Top of MATERIAL SUPPLIED

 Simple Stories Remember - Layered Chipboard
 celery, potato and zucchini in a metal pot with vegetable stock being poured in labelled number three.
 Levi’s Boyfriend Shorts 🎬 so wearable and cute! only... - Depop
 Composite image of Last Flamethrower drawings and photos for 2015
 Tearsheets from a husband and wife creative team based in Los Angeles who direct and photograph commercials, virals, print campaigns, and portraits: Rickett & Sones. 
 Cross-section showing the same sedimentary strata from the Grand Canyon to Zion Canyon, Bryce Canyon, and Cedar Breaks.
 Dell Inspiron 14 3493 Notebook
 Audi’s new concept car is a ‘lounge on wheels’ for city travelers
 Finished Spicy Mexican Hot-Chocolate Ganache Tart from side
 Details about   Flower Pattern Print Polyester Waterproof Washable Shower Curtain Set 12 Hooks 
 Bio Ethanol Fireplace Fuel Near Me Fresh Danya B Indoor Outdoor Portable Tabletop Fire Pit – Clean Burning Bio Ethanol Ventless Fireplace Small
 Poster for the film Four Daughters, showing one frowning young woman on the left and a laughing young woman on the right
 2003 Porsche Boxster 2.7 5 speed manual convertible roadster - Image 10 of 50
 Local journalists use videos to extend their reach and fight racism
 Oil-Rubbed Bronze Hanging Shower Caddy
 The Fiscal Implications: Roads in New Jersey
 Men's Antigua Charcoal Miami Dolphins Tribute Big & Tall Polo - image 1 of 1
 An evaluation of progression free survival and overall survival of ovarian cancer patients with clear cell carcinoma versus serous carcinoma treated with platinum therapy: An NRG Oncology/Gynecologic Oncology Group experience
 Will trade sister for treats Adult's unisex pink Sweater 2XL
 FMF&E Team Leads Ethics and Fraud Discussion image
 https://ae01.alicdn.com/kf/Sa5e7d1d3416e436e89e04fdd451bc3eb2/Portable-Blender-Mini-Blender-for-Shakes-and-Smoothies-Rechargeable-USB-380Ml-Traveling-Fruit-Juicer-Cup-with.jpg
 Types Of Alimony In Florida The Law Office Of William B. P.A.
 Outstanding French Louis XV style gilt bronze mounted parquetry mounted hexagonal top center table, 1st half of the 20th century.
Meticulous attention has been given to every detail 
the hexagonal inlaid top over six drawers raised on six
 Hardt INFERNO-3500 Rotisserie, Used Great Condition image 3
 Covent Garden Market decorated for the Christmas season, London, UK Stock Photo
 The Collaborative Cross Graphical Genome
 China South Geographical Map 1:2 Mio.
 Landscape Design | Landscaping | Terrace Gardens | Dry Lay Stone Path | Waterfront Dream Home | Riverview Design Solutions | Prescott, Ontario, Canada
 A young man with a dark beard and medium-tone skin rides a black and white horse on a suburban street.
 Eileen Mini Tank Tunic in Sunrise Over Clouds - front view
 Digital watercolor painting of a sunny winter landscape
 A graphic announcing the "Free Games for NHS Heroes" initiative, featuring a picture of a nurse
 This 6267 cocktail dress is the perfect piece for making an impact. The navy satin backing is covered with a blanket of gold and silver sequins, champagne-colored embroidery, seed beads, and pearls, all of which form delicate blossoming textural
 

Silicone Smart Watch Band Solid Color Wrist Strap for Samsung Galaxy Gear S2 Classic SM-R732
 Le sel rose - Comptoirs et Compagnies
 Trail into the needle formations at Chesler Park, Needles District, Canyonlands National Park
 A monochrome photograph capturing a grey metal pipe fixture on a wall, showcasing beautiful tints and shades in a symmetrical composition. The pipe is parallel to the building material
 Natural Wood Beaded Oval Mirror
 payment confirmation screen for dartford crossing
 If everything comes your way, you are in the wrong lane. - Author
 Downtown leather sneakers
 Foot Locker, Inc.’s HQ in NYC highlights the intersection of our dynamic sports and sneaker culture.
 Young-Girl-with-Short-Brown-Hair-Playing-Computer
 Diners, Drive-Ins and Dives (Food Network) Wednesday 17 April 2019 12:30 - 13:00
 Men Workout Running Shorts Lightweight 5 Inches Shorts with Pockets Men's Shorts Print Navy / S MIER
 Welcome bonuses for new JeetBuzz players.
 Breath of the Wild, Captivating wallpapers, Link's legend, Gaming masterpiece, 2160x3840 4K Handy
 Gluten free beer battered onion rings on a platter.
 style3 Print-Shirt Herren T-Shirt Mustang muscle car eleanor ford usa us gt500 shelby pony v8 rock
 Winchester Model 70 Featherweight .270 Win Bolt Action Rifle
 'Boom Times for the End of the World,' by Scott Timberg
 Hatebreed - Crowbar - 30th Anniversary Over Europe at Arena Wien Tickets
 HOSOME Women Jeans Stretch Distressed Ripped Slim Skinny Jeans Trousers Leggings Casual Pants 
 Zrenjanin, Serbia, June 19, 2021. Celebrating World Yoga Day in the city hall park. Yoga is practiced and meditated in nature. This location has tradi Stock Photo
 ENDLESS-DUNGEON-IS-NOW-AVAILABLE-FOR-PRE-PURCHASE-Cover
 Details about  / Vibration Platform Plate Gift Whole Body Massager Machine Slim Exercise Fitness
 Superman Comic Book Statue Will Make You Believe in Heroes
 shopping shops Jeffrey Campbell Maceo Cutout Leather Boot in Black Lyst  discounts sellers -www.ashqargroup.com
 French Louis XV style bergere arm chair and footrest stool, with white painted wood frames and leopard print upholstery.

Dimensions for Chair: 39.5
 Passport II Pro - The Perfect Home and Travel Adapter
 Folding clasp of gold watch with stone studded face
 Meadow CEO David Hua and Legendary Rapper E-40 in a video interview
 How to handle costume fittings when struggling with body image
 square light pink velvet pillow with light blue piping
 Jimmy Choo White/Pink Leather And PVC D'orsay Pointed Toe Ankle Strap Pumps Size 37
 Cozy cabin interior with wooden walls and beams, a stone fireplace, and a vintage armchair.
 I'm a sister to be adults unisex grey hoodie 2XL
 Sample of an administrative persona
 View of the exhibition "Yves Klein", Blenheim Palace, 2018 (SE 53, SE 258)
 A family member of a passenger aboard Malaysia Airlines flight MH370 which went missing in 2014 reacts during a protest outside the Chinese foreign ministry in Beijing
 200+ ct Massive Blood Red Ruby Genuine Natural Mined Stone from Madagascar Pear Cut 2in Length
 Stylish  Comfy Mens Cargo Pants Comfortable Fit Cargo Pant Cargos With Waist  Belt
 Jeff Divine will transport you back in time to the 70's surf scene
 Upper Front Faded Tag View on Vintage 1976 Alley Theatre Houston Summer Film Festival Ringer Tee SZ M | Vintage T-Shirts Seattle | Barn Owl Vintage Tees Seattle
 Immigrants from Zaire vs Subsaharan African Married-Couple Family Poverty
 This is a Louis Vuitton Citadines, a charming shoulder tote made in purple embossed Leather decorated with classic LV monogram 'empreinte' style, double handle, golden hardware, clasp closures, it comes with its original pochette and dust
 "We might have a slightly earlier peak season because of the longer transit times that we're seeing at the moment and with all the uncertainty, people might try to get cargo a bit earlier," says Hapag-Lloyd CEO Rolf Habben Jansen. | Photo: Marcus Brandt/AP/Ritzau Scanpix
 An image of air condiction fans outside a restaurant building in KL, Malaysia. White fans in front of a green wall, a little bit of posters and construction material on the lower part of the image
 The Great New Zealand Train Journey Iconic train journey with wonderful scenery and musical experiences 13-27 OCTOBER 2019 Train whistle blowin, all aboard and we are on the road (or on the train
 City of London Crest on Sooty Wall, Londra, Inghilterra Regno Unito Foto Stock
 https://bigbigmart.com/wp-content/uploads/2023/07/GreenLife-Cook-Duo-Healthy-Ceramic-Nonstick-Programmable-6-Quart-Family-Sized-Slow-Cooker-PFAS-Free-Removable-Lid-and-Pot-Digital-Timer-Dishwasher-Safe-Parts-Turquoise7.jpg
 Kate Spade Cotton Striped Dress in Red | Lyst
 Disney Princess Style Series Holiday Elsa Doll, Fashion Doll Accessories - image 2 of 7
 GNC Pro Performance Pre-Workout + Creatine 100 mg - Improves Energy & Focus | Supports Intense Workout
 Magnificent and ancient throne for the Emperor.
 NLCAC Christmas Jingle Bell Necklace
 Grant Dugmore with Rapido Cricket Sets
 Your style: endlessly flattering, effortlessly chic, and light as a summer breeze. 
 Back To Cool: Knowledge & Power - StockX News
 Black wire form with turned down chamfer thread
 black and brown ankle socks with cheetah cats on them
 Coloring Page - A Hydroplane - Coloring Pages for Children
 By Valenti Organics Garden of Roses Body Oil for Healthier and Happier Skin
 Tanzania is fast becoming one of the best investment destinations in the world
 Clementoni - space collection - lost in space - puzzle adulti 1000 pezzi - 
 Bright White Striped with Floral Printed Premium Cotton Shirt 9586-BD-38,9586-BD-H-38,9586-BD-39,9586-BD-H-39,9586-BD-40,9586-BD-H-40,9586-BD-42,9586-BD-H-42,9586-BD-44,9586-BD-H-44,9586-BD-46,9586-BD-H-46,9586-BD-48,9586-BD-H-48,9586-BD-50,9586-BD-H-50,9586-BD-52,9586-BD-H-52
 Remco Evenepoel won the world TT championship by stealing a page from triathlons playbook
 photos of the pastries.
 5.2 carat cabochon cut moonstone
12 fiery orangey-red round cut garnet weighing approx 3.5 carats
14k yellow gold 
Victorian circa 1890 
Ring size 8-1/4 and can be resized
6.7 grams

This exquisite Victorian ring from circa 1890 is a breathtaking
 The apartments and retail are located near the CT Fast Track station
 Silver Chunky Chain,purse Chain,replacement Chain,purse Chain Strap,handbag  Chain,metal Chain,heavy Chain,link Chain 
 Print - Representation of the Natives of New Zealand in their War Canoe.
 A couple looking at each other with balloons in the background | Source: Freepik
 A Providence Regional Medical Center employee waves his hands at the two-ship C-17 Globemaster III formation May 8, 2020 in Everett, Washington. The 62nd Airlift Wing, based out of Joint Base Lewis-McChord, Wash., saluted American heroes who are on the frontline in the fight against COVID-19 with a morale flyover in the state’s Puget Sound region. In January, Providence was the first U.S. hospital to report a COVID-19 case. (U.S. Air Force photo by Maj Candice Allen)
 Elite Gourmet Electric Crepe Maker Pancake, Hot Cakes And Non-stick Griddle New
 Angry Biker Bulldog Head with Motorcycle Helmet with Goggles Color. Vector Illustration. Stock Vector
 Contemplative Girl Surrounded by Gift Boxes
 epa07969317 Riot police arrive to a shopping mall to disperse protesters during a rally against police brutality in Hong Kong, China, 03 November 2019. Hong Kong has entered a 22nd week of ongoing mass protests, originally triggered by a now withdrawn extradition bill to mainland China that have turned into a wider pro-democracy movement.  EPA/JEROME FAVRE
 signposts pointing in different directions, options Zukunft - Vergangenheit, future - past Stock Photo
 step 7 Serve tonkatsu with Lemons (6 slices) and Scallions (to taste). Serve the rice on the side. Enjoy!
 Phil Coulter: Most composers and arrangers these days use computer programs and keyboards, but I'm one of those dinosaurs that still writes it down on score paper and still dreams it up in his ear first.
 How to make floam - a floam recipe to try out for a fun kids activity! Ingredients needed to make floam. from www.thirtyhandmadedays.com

Bottom of MATERIAL SUPPLIED

◆ ASSIGNED TASK: Beginning at the line with "Gluten free beer" and ending at the line with "HOSOME Women Jeans", reproduce each line of the data above exactly, and add no other lines.

◆ SOLUTION:
 Gluten free beer battered onion rings on a platter.
 style3 Print-Shirt Herren T-Shirt Mustang muscle car eleanor ford usa us gt500 shelby pony v8 rock
 Winchester Model 70 Featherweight .270 Win Bolt Action Rifle
 'Boom Times for the End of the World,' by Scott Timberg
 Hatebreed - Crowbar - 30th Anniversary Over Europe at Arena Wien Tickets
 HOSOME Women Jeans Stretch Distressed Ripped Slim Skinny Jeans Trousers Leggings Casual Pants 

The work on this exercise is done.